*** Source data ***
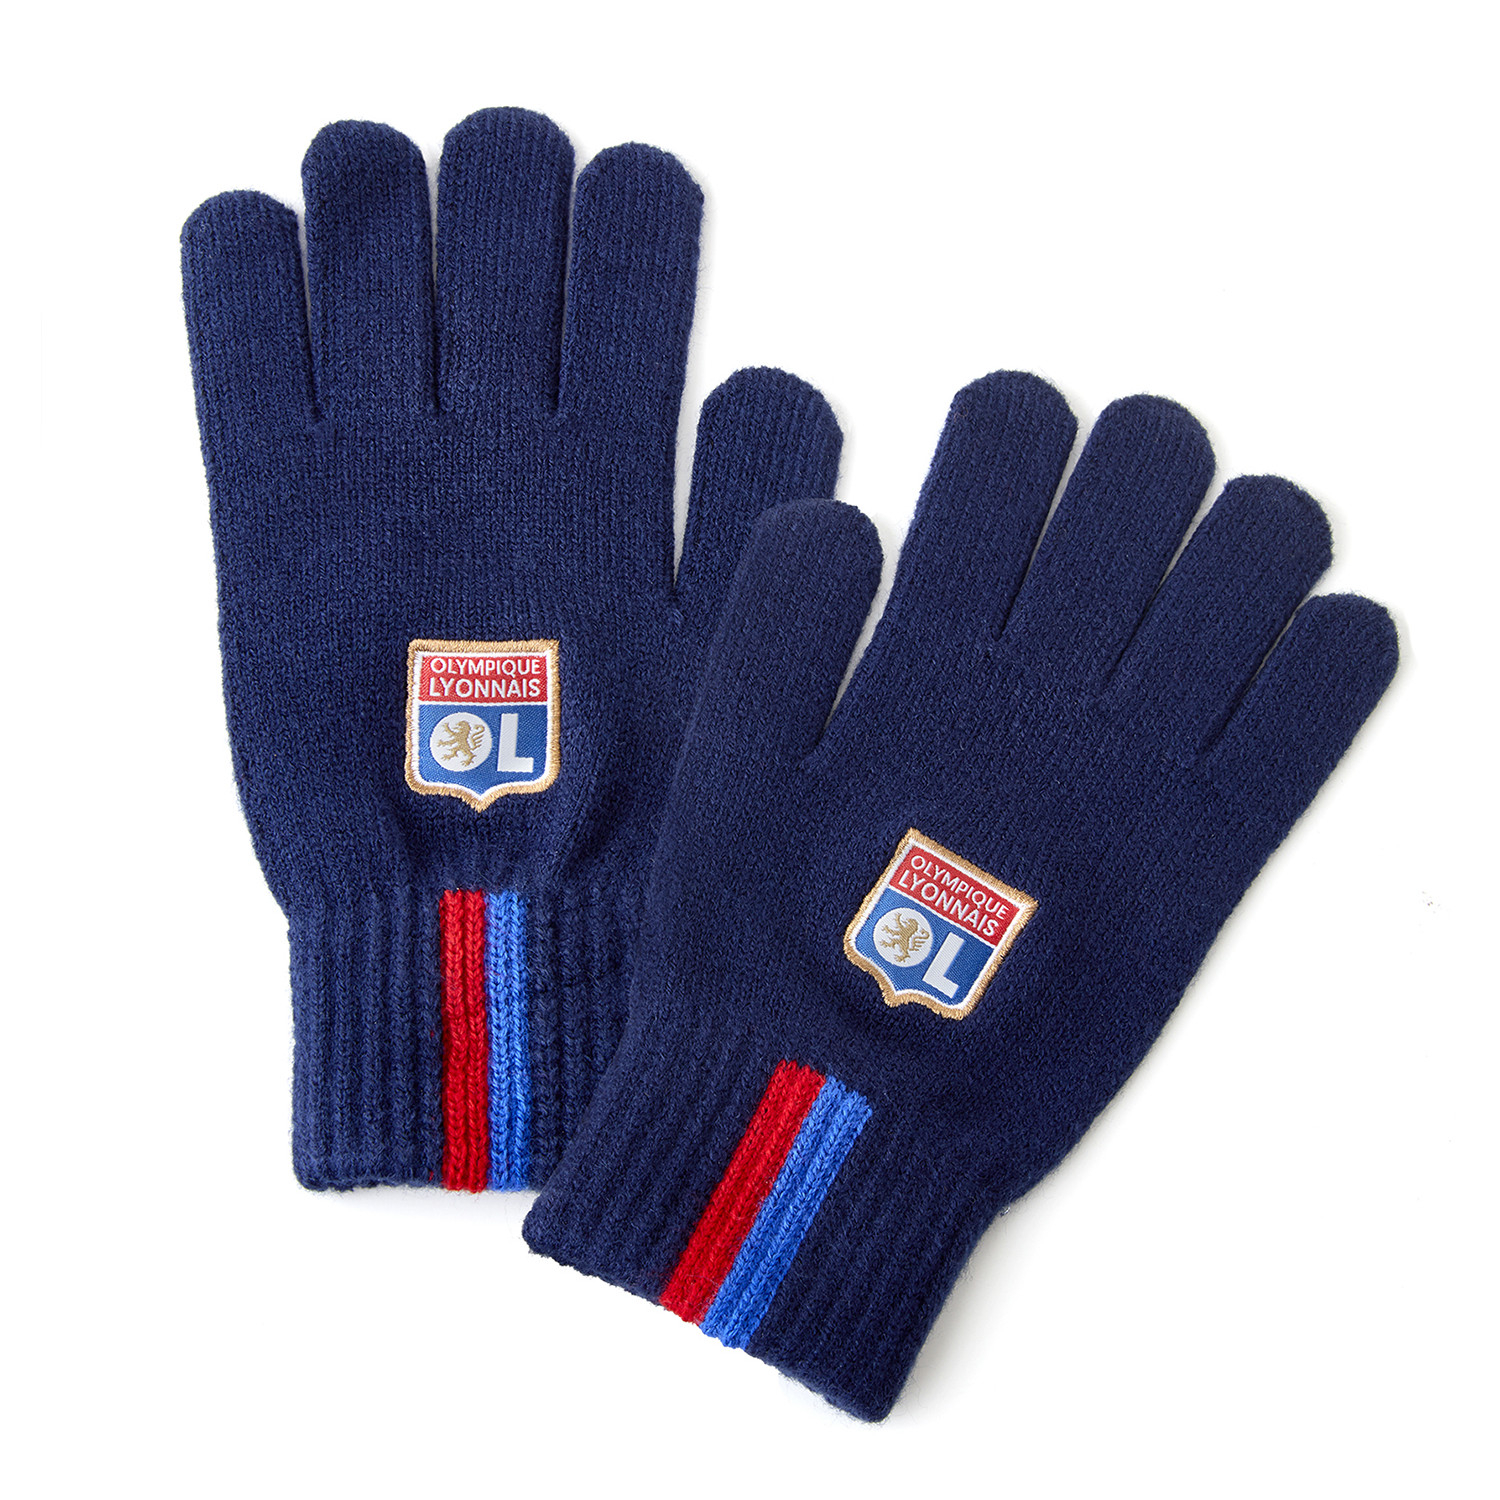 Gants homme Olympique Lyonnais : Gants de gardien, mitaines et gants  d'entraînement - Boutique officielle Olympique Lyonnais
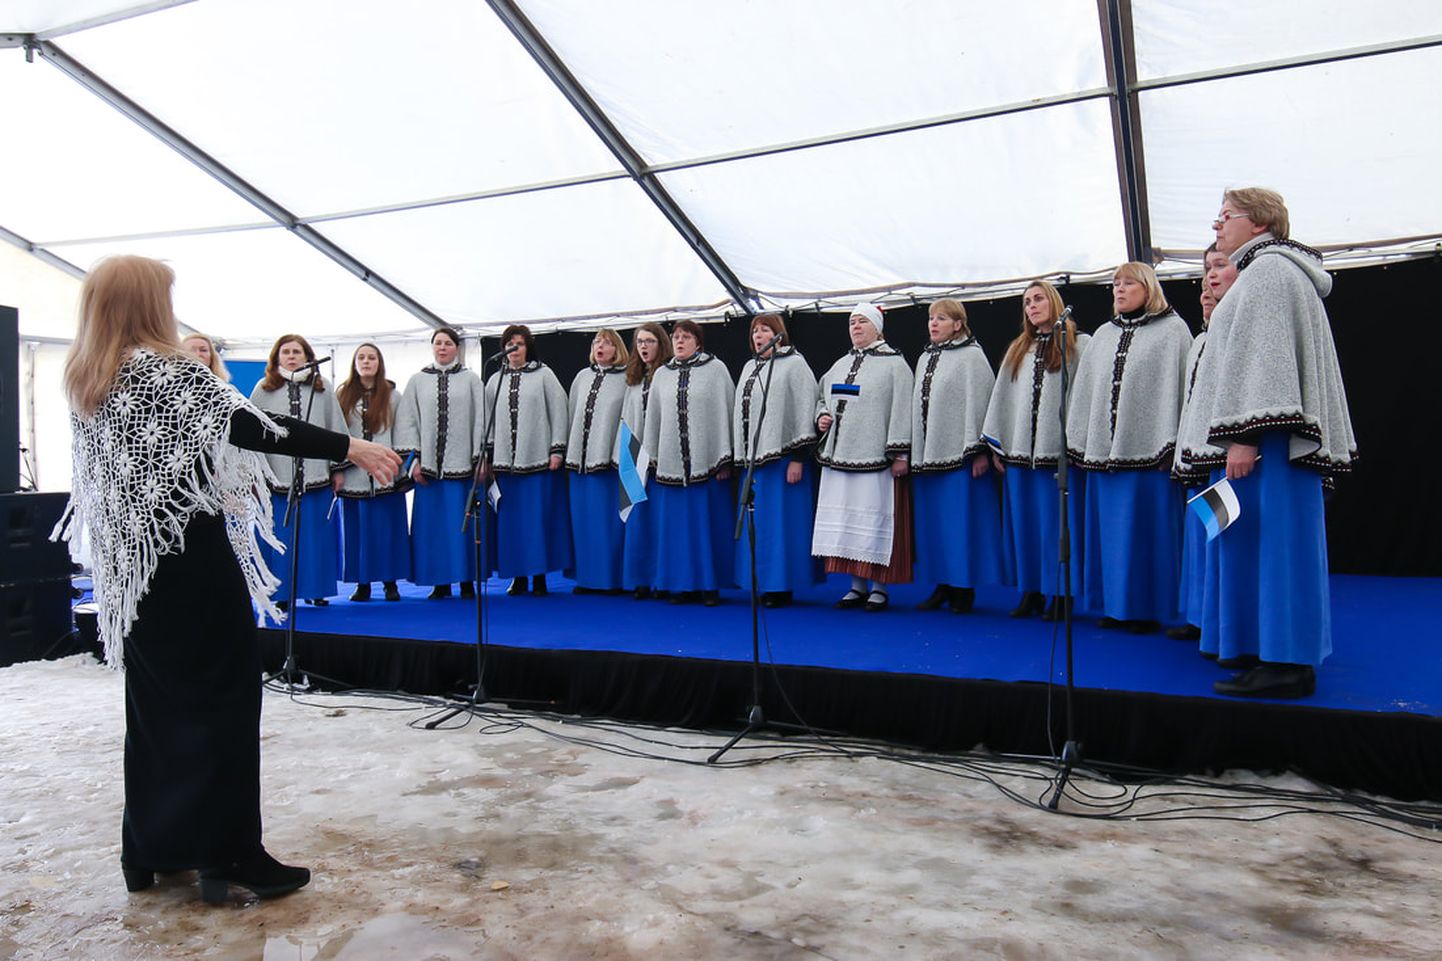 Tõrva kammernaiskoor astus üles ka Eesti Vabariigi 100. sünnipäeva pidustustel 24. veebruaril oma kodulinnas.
*** End of Source data ***
*** Source data ***
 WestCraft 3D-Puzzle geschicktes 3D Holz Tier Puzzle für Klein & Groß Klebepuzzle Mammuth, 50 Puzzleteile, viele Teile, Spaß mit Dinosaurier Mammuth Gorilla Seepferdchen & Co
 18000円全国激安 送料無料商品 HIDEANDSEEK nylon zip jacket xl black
*** End of Source data ***
*** Source data ***
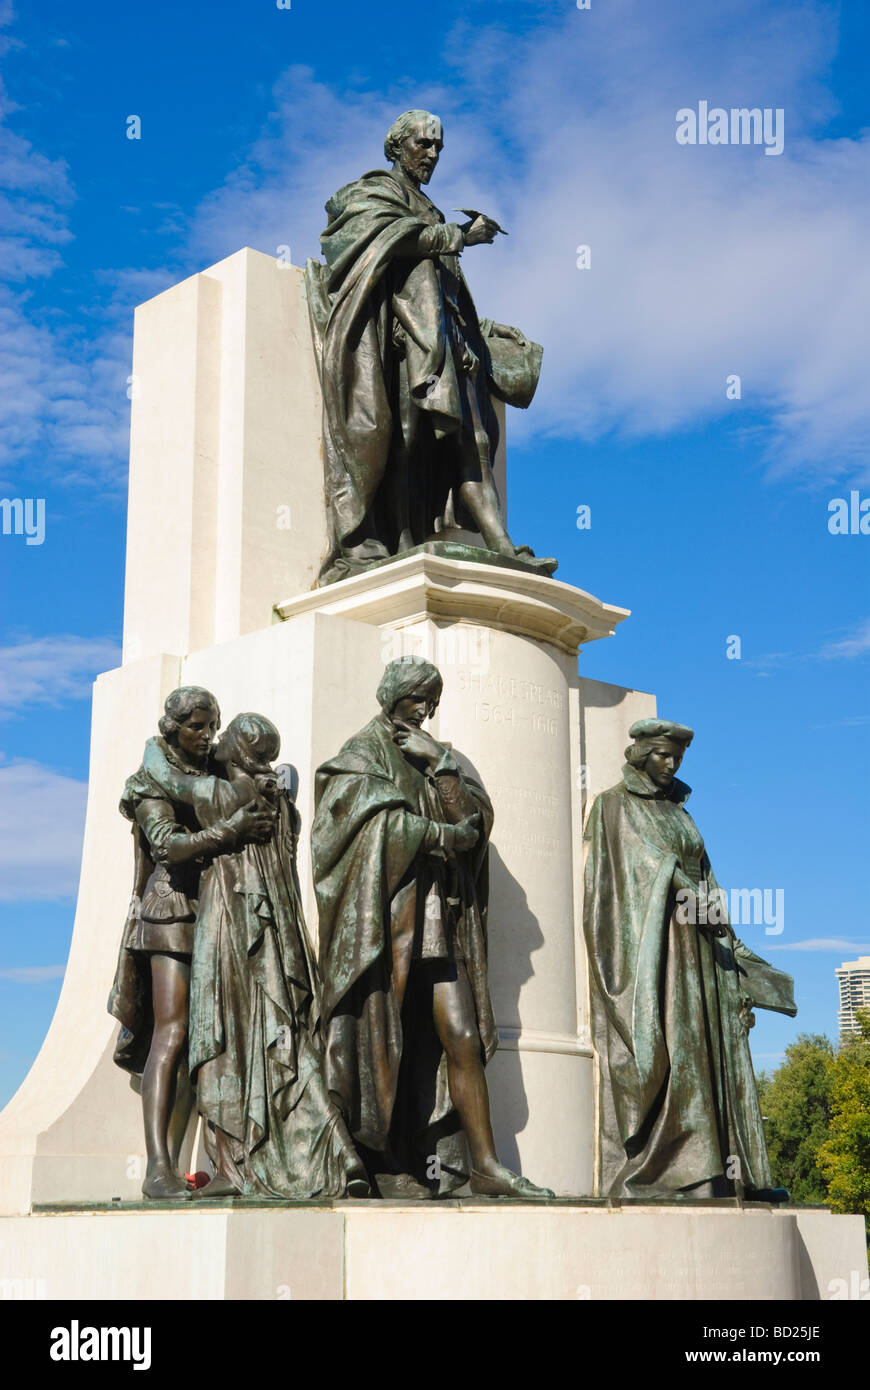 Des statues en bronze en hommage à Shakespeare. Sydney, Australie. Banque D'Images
*** End of Source data ***
## [What you will do]
The stretch to restate runs from the line above containing "Gants homme Olympique" through the line containing "Tõrva kammernaiskoor astus". Copy it word for word, ends included, without pictures.

## [Answer below]
 Gants homme Olympique Lyonnais : Gants de gardien, mitaines et gants  d'entraînement - Boutique officielle Olympique Lyonnais
 Tõrva kammernaiskoor astus üles ka Eesti Vabariigi 100. sünnipäeva pidustustel 24. veebruaril oma kodulinnas.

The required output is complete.